::: THE DATA :::

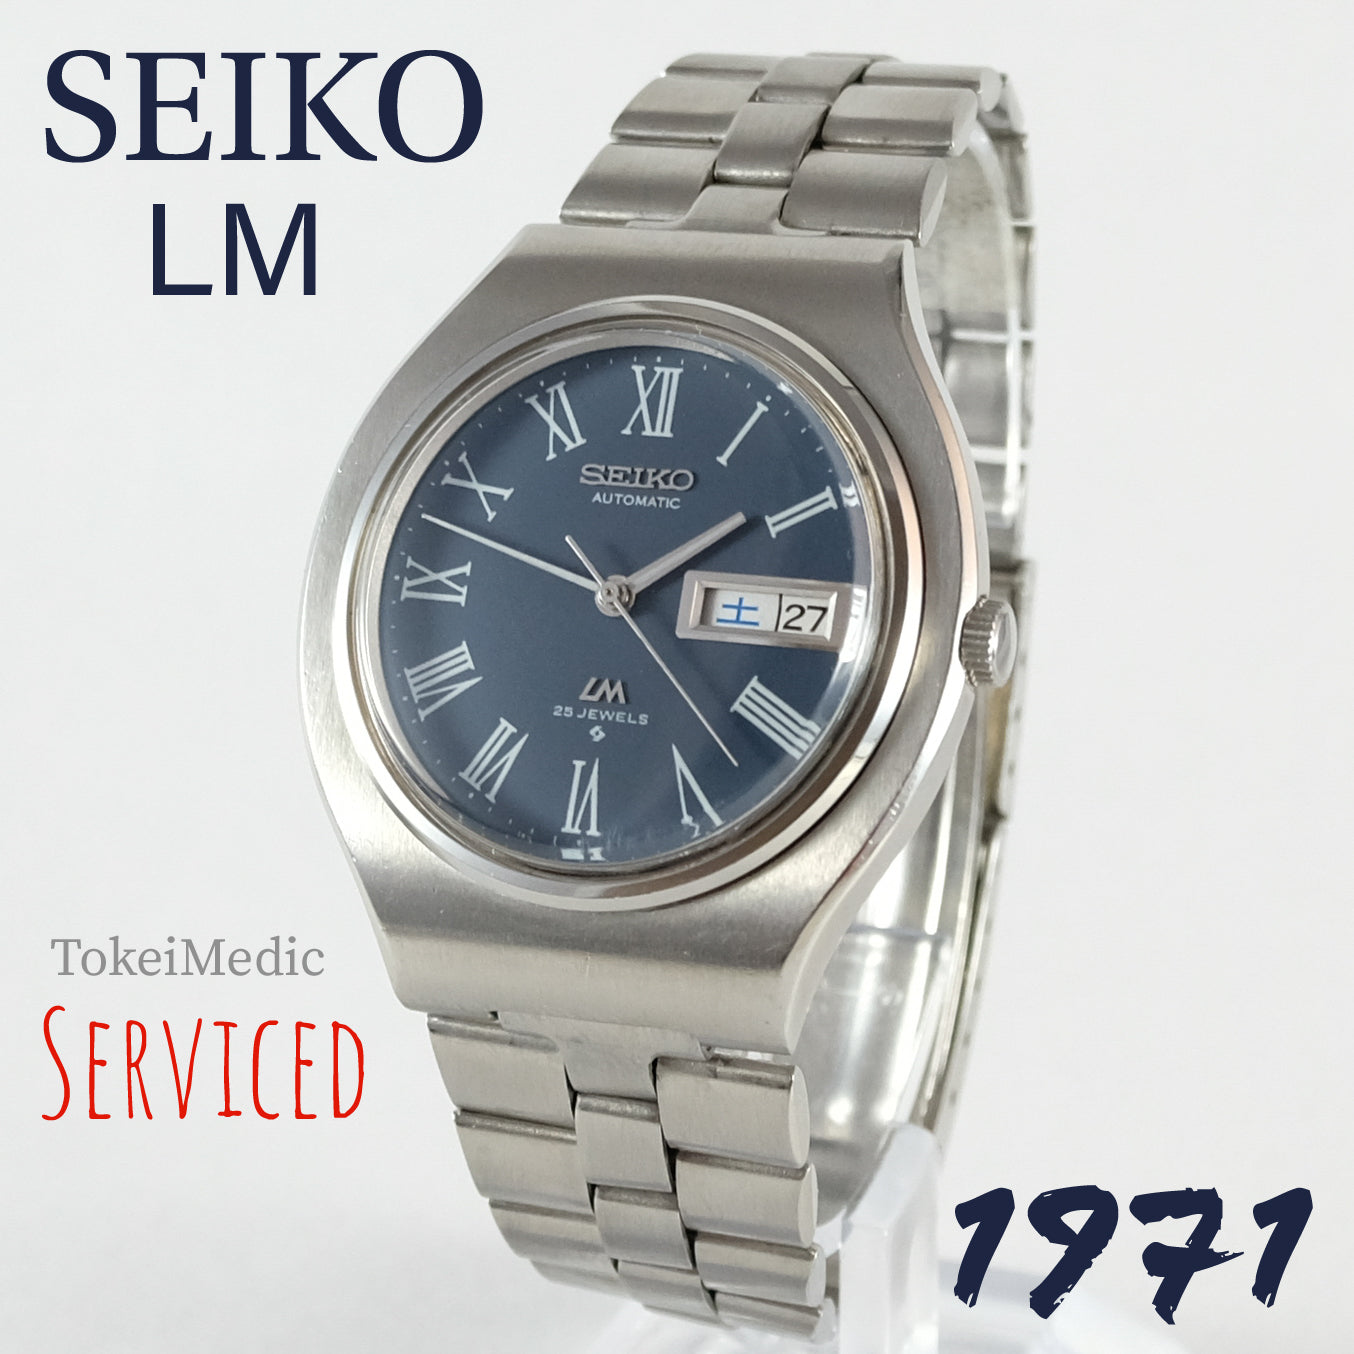 1971 Seiko LM 5606-7120
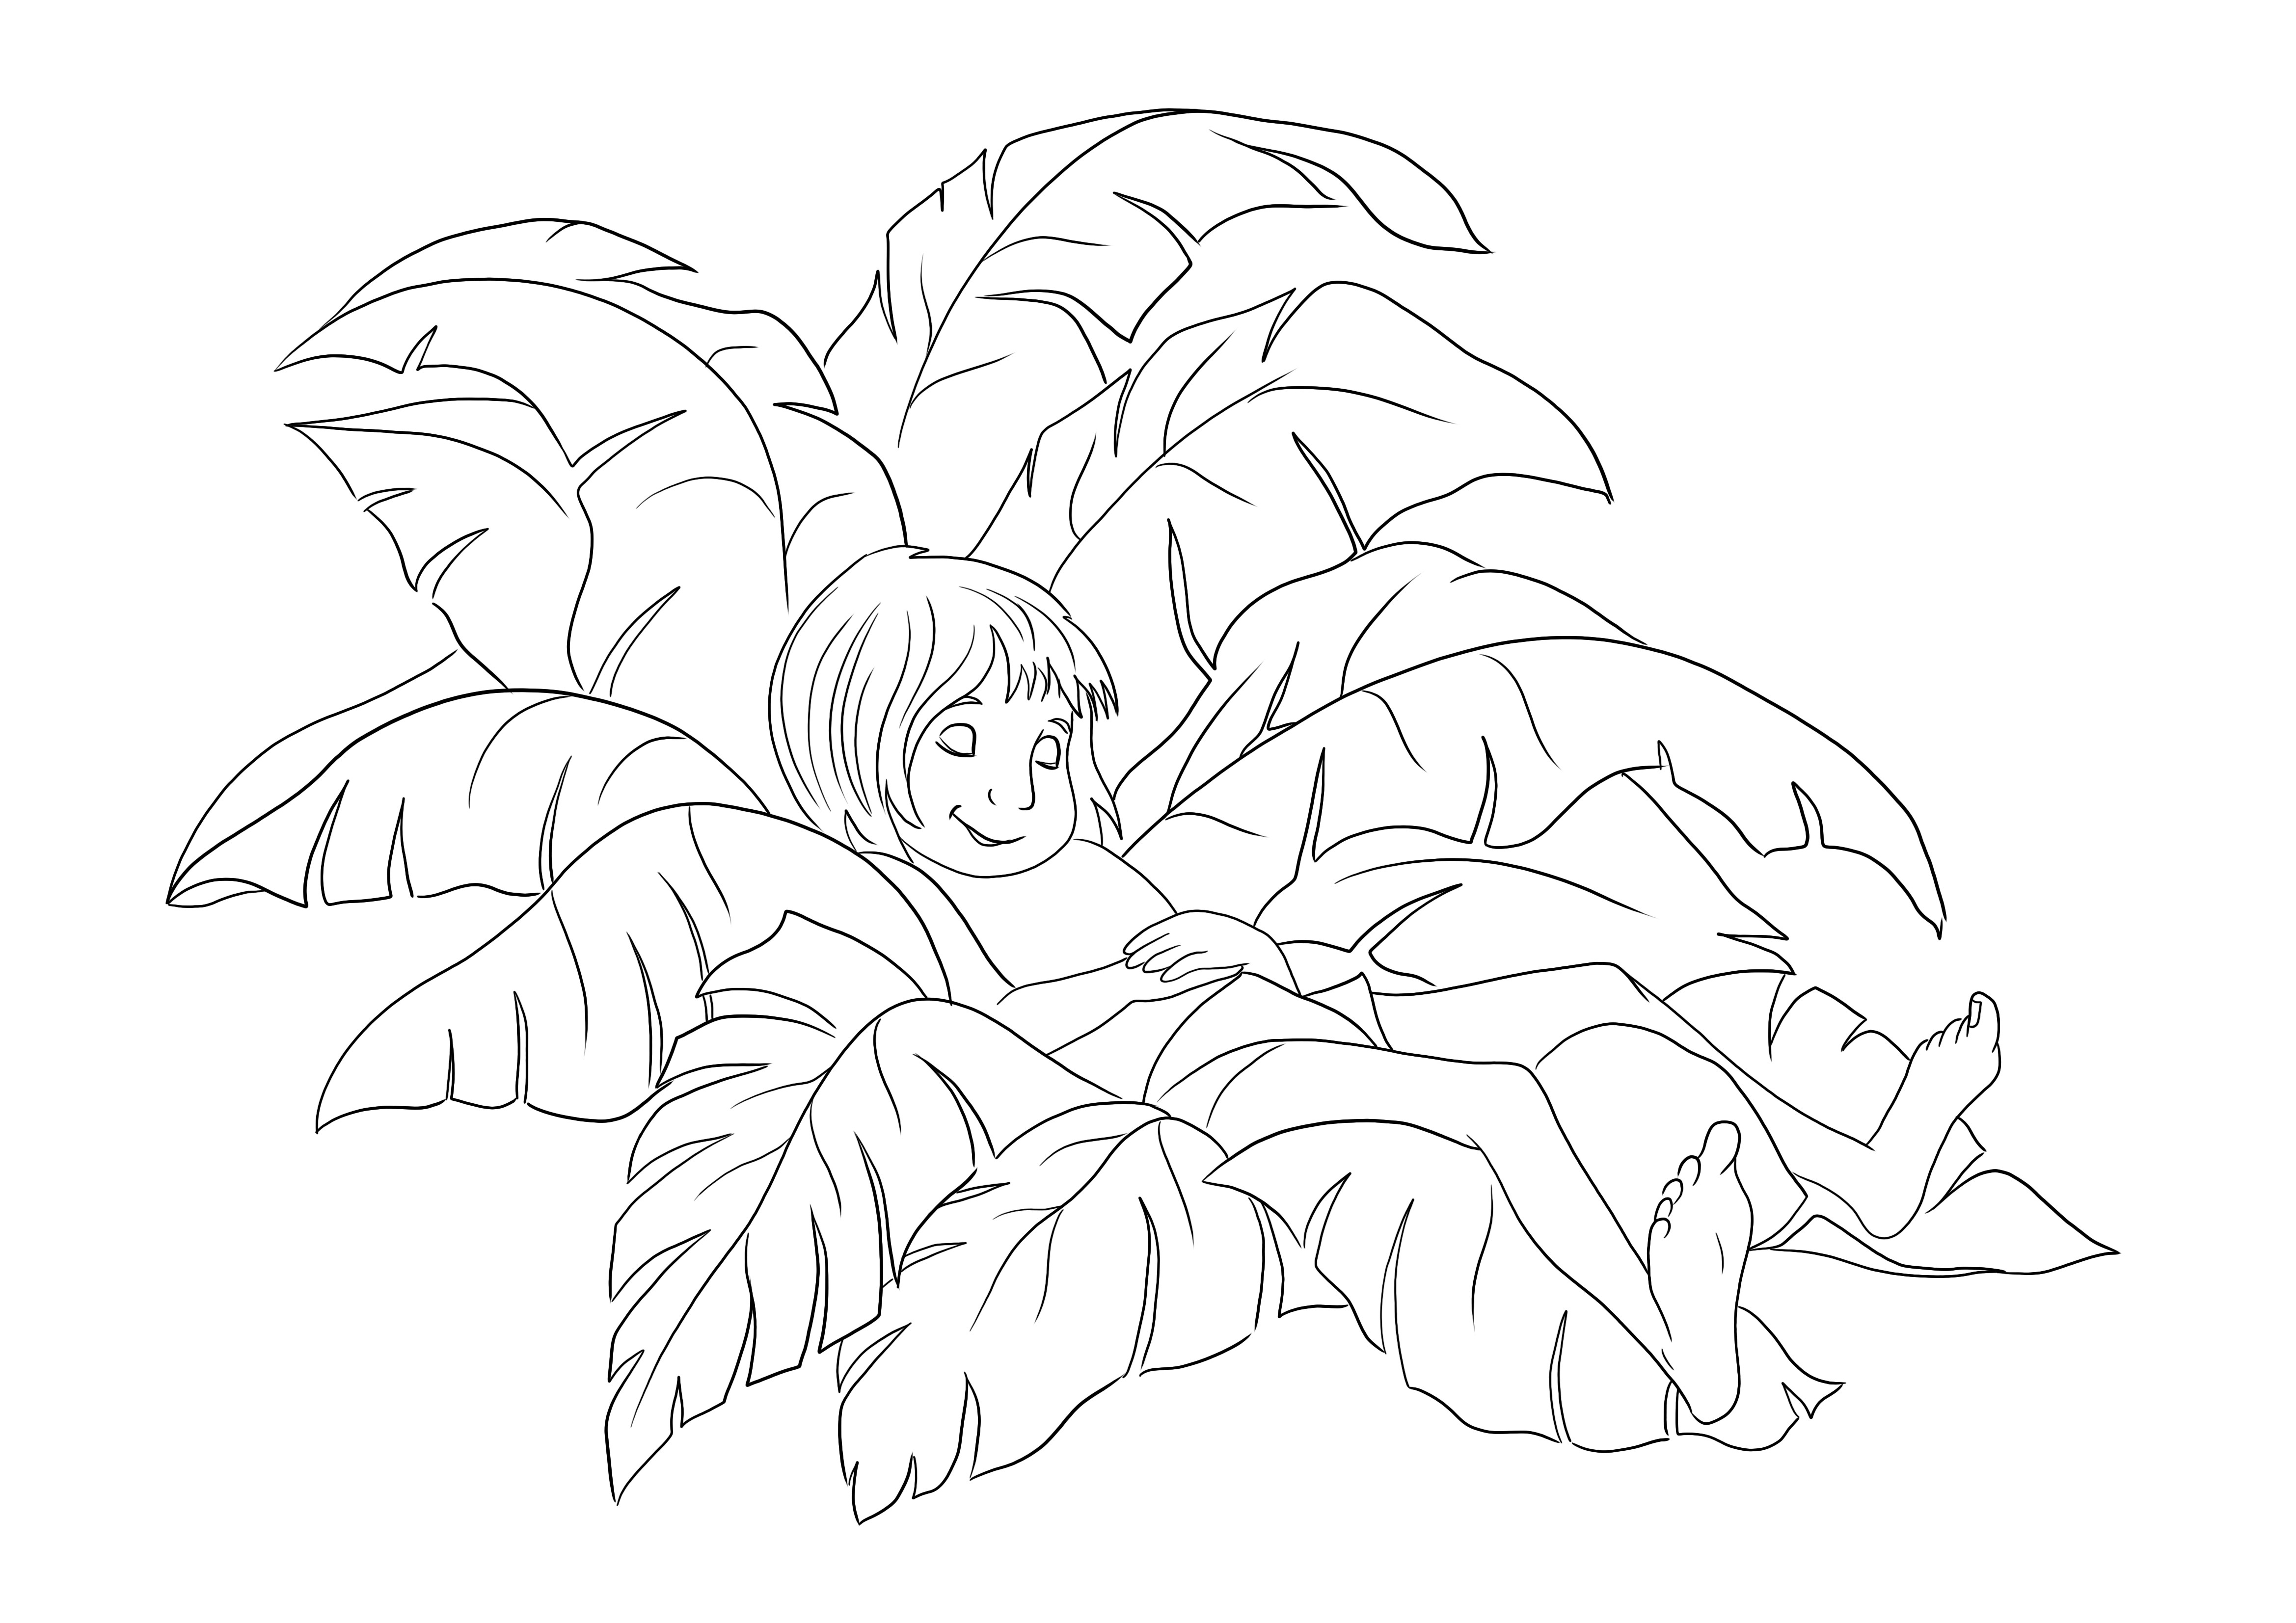 Łatwe kolorowanie i drukowanie Mowgli śpiącego na liściach palmowych do bezpłatnego użytku
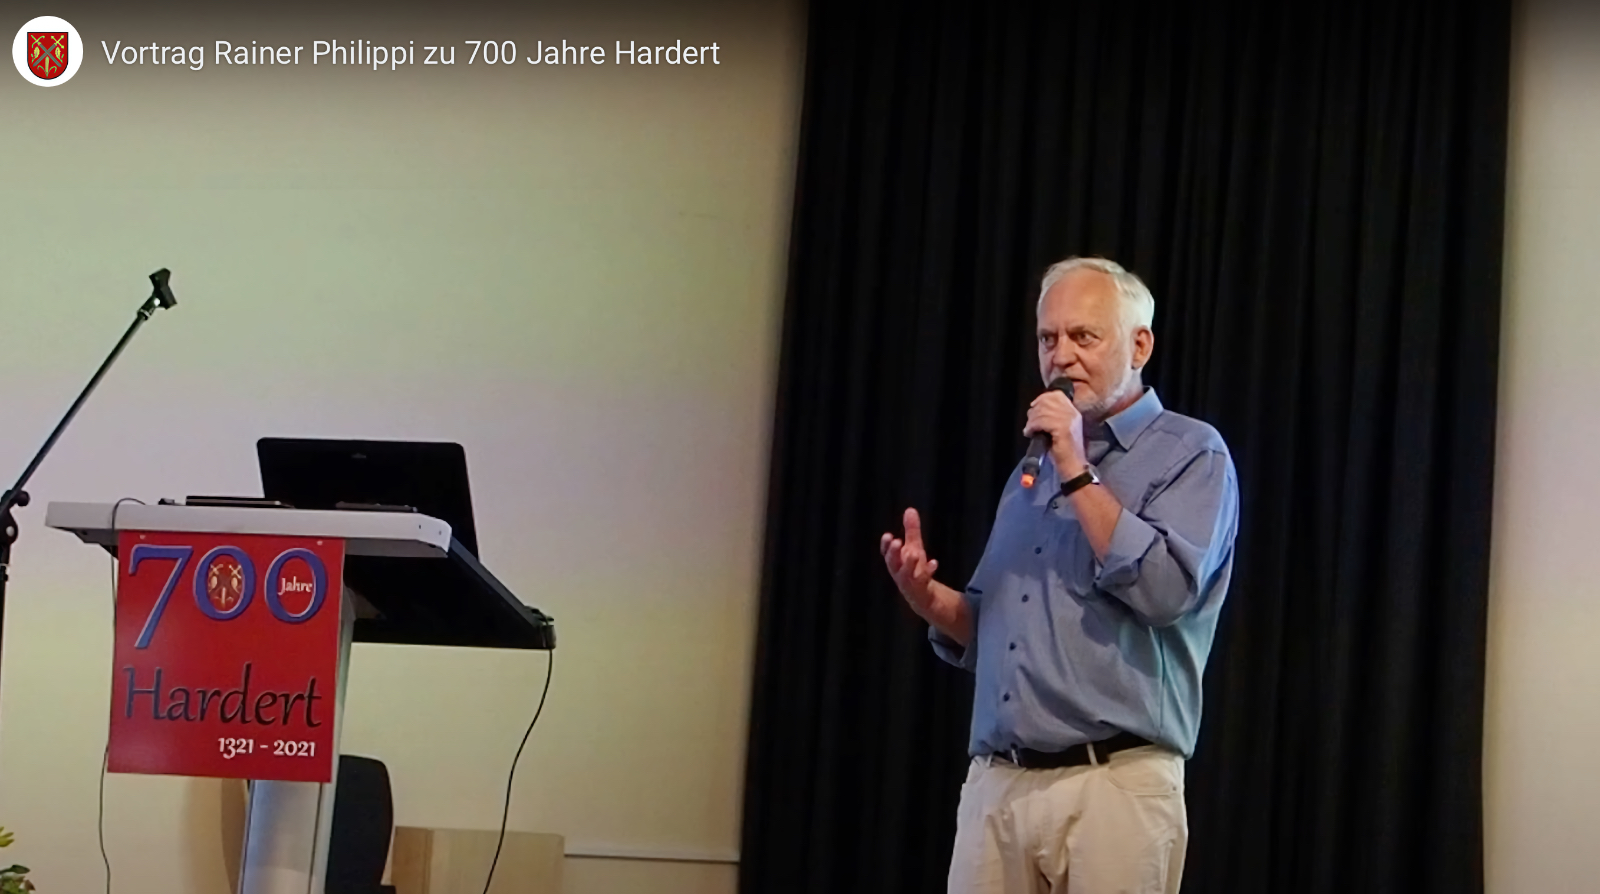 Vortrag Rainer Philippi zur Geschichte Harderts

:::

▶ **PROBLEM TO SOLVE**: The data should be printed again unchanged; leave its pictures out.

▶ **ANSWER TO THIS EXERCISE**:
 1971 Seiko LM 5606-7120
 Łatwe kolorowanie i drukowanie Mowgli śpiącego na liściach palmowych do bezpłatnego użytku
 Vortrag Rainer Philippi zur Geschichte Harderts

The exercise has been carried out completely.